Perrey returned to France in 1970 and became the musical director of a ballet company. He wrote and recorded music for a television commercials and a number of French cartoons, and released several albums of this music on the Montparnasse label. He also continued to work on music for therapeutic purposes, including one project that involved recording with dolphins in the waters near Vancouver, Canada. “It was remarkable,” Perrey says. “If you played sounds of a certain frequency, the dolphins began to swim in perfect circles.”
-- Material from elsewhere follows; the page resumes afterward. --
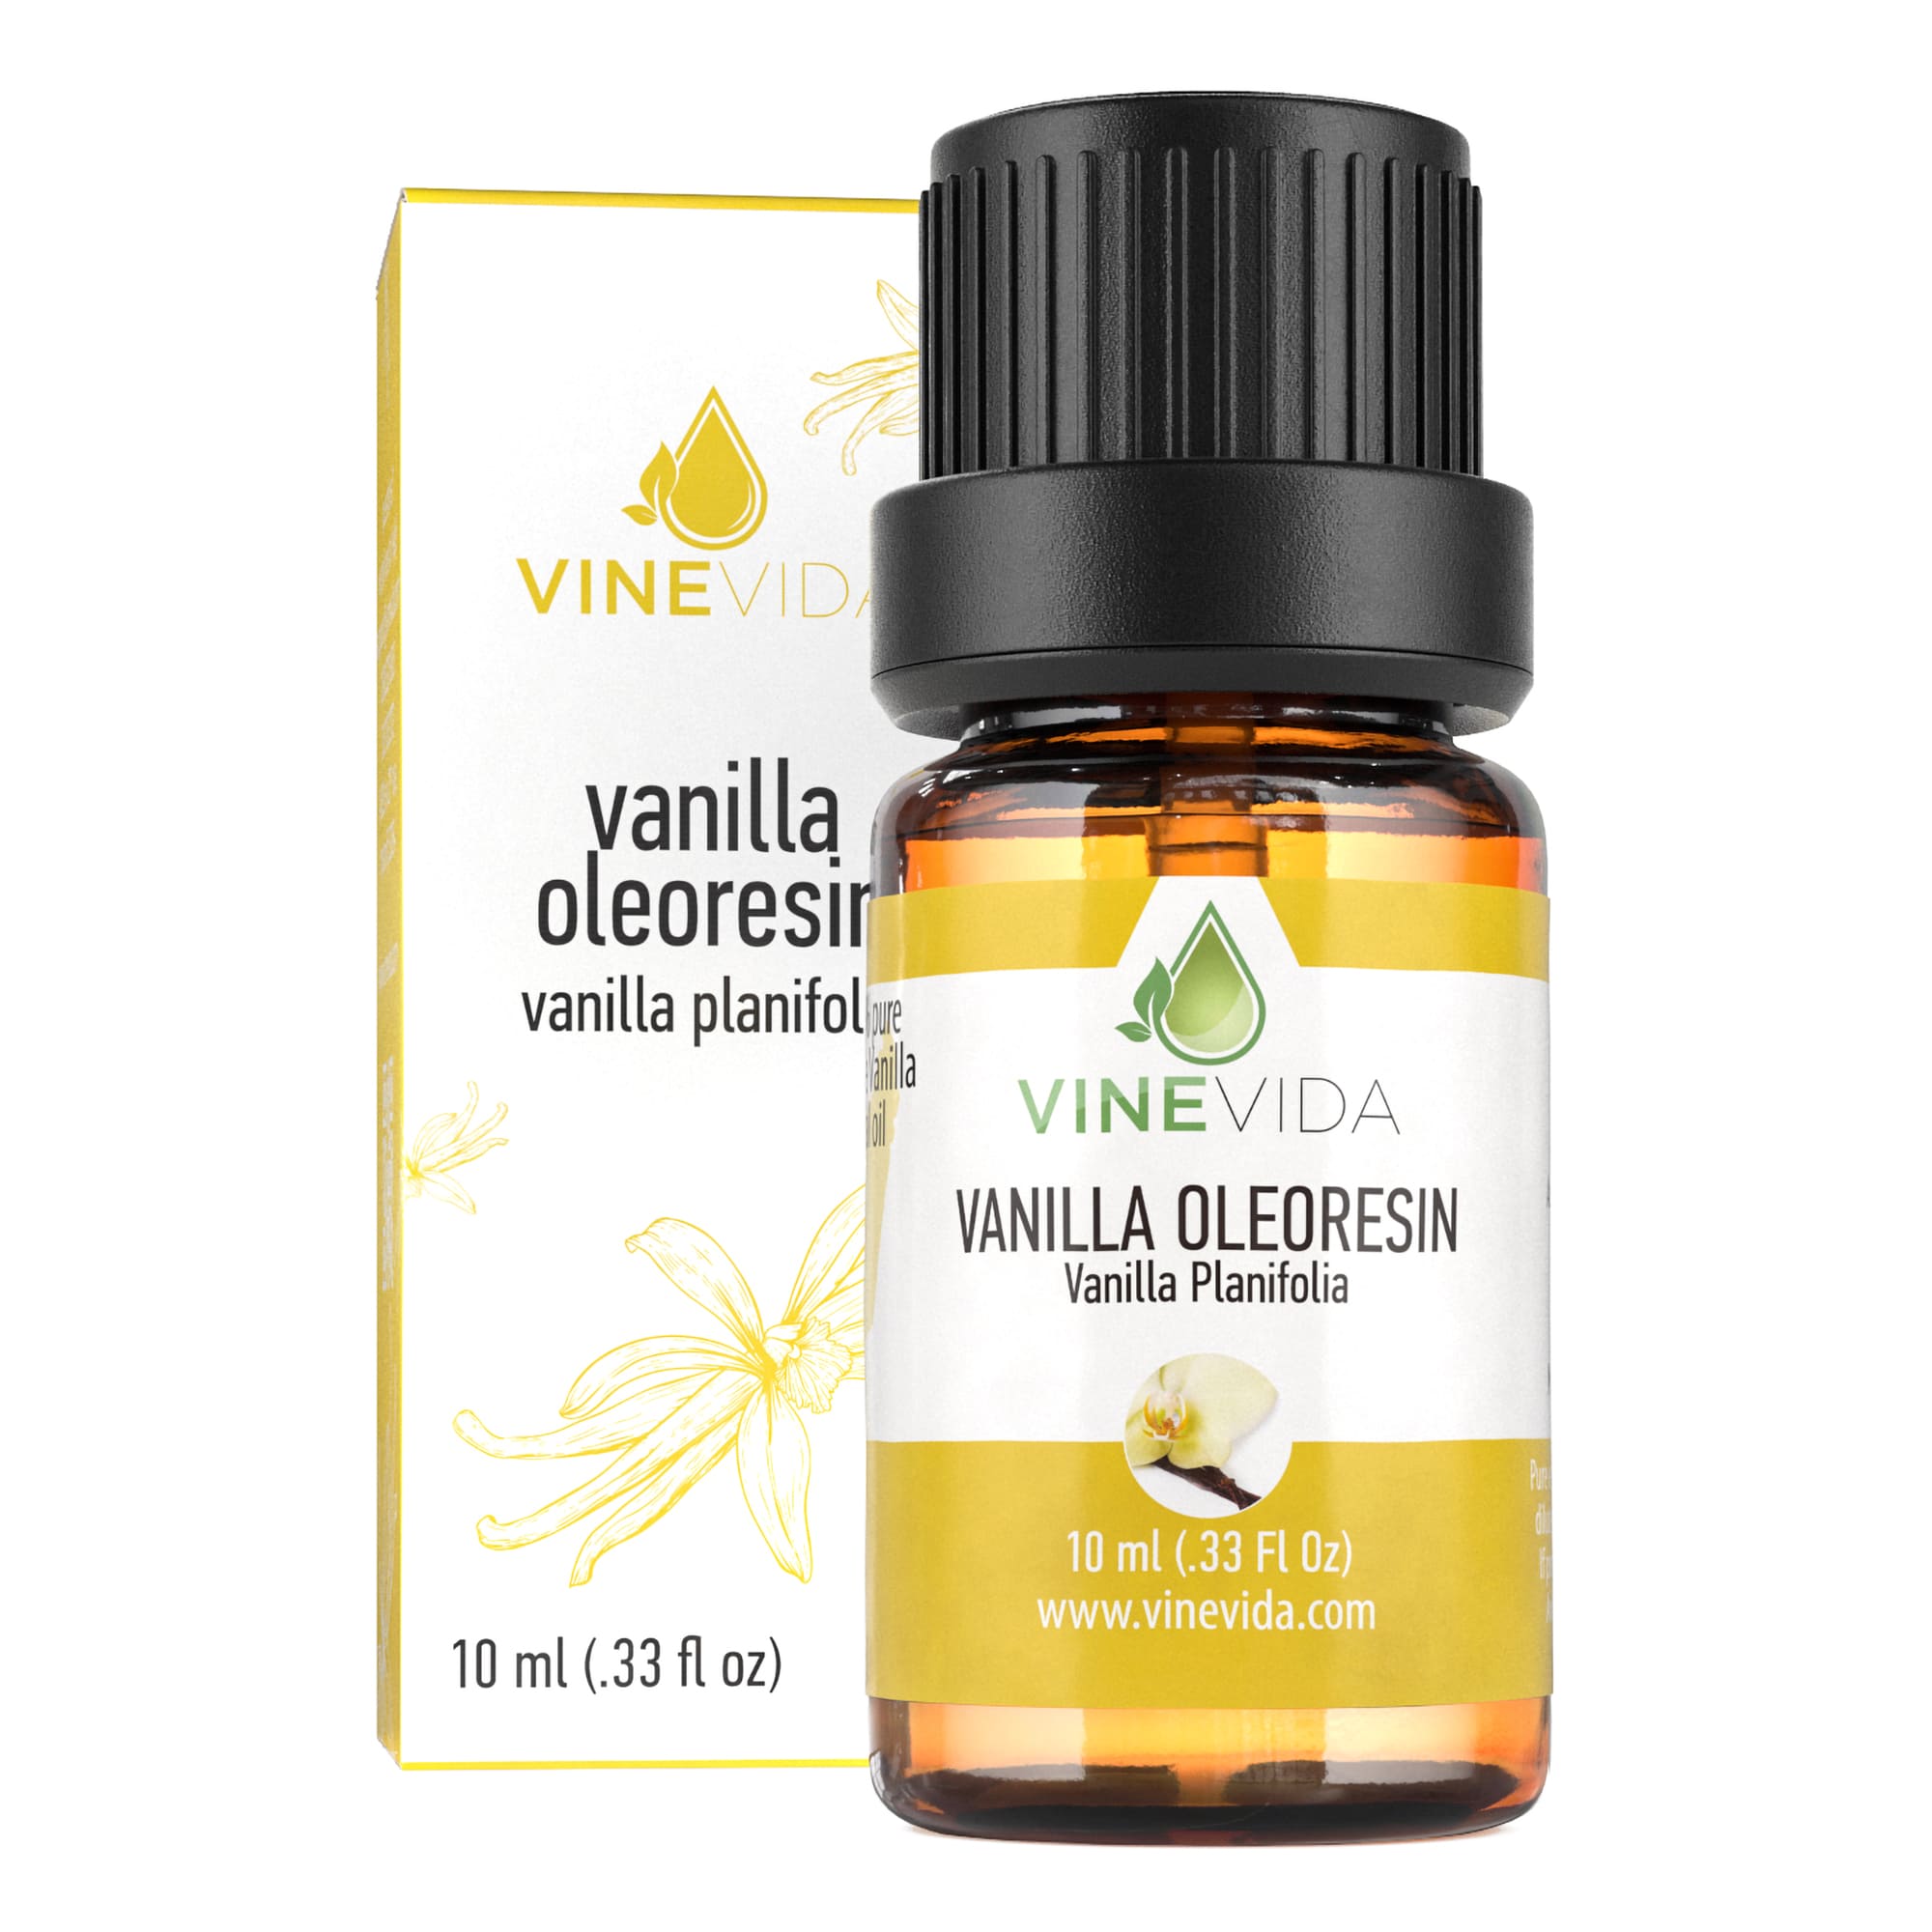 Vanilla essential oil benefits  Essential oils herbs, Vanilla essential  oil, Organic oil

Perrey’s influence would reverberate for years – The In Sound from Way Out! inspired a tribute from the Beastie Boys, who borrowed both the album’s title and cover art for their own album 30 years later. But sadly, none of this translated into personal fortune. Perrey did not own the publishing rights to his music when it was licensed to Disney, while Stanley Kubrick was able to incorporate some of Perrey’s sound effects into 2001: A Space Odyssey for next to nothing. Perrey says: “Jean Cocteau told me, ‘Thirty years after I die, you will retire a rich man.’ Well, Cocteau died in 1963 and I haven’t been able to retire yet.”
I highly recommend this video interview by Richard Lawson from 2004!
An RL Music Interview with Jean-Jacques Perrey.
Also great Perrey references here…
Space Age Pop!
The godfather of techno!
iCrates
*John Cage, who was one of the leading figures of the post-war avant-garde, and is perhaps best known for his 1952 composition 4′33″, which is performed in the absence of deliberate sound. Musicians who present the work do nothing aside from being present for the duration specified by the title. The content of the composition is not “four minutes and 33 seconds of silence,” as is sometimes assumed, but rather the sounds of the environment heard by the audience during the performance.